Eine Zustellung des Bußgeldbescheides an den Betroffenen selbst war nicht erfolgreich. Alleine der Erlass des Bußgeldbescheids ist nicht verjährungsunterbrechend, soweit nicht innerhalb von 2 Wochen zugestellt wird (§ 33 Abs. 1 Nr. 9 OWiG).

Die Zustellung des Bußgeldbescheides an den Verteidiger hat ebenfalls nicht zu einer Unterbrechung der Verjährung geführt. Insoweit ist keine wirksame Zustellung des Bußgeldbescheides erfolgt. An den gewählten Verteidiger kann nur dann wirksam zugestellt werden, wenn sich gemäß § 51 Abs: •3 Satz 1 OWiG eine Urkunde über seine Bevollmächtigung bei den Akten befindet. Diese Voraussetzung war nicht gegeben. Eine Vollmacht ist bis heute nicht zu den Akten gelangt.

Dem Verteidiger war auch keine rechtsgeschäftliche Zustellungsvollmacht erteilt worden. Hierfür lassen sich aus der Akte keine Anhaltspunkte entnehmen. Der Schriftsatz des Verteidigers, mit dem dieser sich bestellt hat, enthält eine Vertretungsanzeige. Der Anwalt versichert, zur Vertretung seiner Mandantschaft bevollmächtigt zu sein. Nicht hingegen kann aus dem Halbsatz „…, eine ordnungsgemäße Bevollmächtigung wird anwaltlich versichert“ geschlossen werden, dem Verteidiger sei eine rechtsgeschäftliche Zustellungsvollmacht erteilt worden. Der Halbsatz bezieht sich eindeutig auf die Vertretungsanzeige. Auch enthält der Bestellungsschriftsatz nicht die sonst übliche Bitte, Korrespondenz ausschließlich über den Verteidiger zu führen, was möglicherweise als Anzeige einer rechtsgeschäftliche Zustellungsvollmacht ausreichen könnte, hier aber auch nicht entschieden werden braucht.

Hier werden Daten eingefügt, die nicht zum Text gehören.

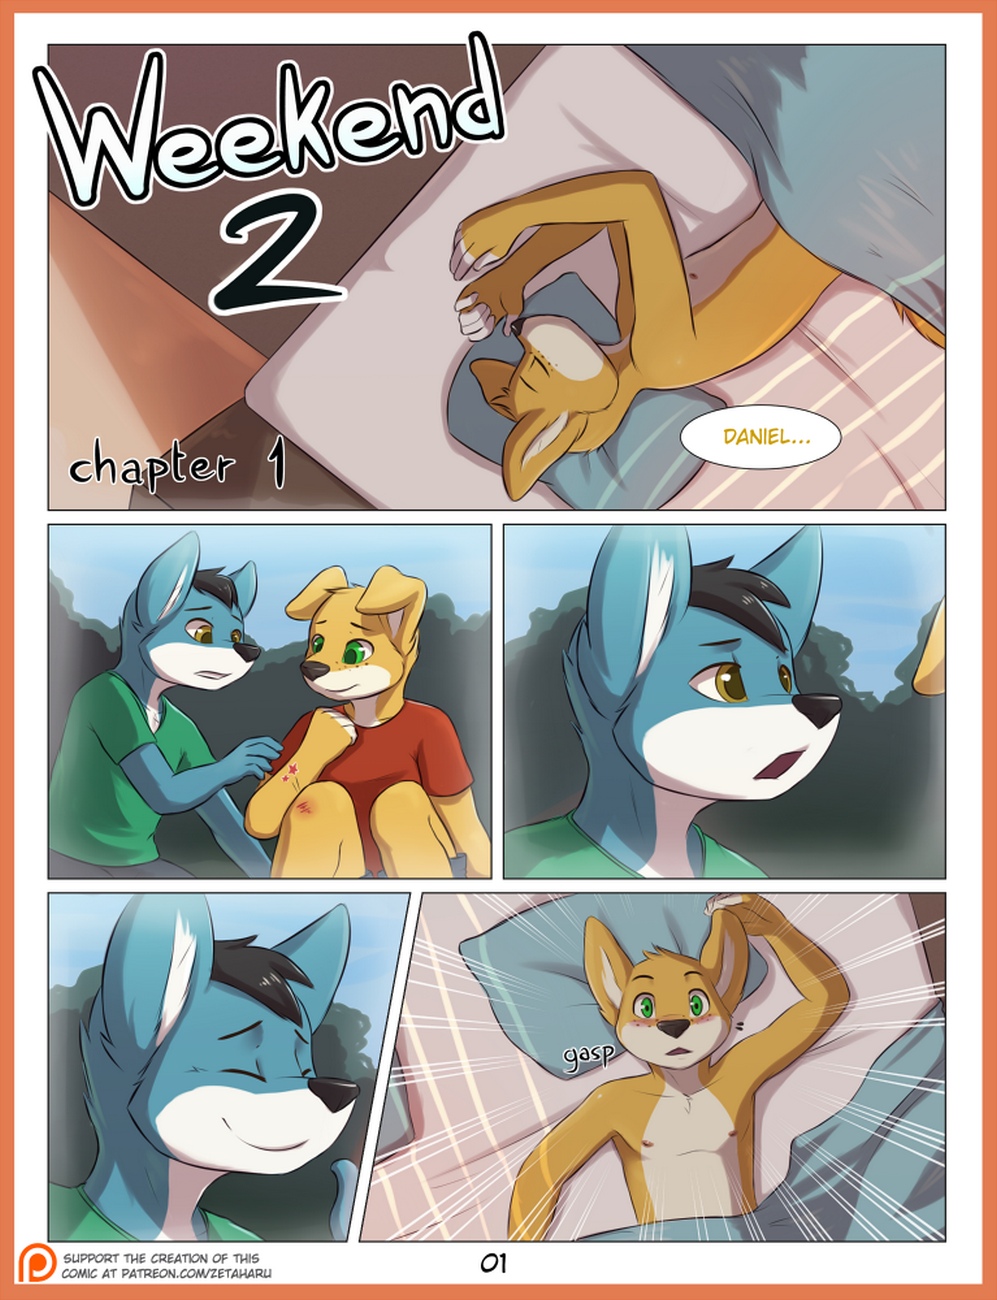 The weekend 2 gay furry porn comic

Das Einspruchsschreiben ist nicht anders formuliert als der Bestellungsschriftsatz, so dass sich hieraus keine anderweitige Beurteilung ergibt.

Die Verjährung ist daher durch den Bußgeldbescheid nicht gemäß § 33 Abs. 1 Nr. 9 OWiG unterbrochen worden.

Dass Verjährung von dem Verteidiger nicht „gerügt“ wurde, steht dem entgegen der Auffassung der Staatsanwaltschaft nicht entgegen. Die Verfolgungsverjährung ist durch das Gericht von Amts wegen zu beachten.“

Alles richtig gemacht vom Verteidiger. Na ja, fast alles, denn die ordnungsgemäße Versicherung einer anwaltlichen Bevollmächtigung ist nicht gatnz ungefährlich, wie man sieht.

„Niedlich“ der Rettungsversuch der Staatsanwaltschaft. Hallo. Wir befinden uns im Bußgeld- und nicht in einem Zivilverfahren.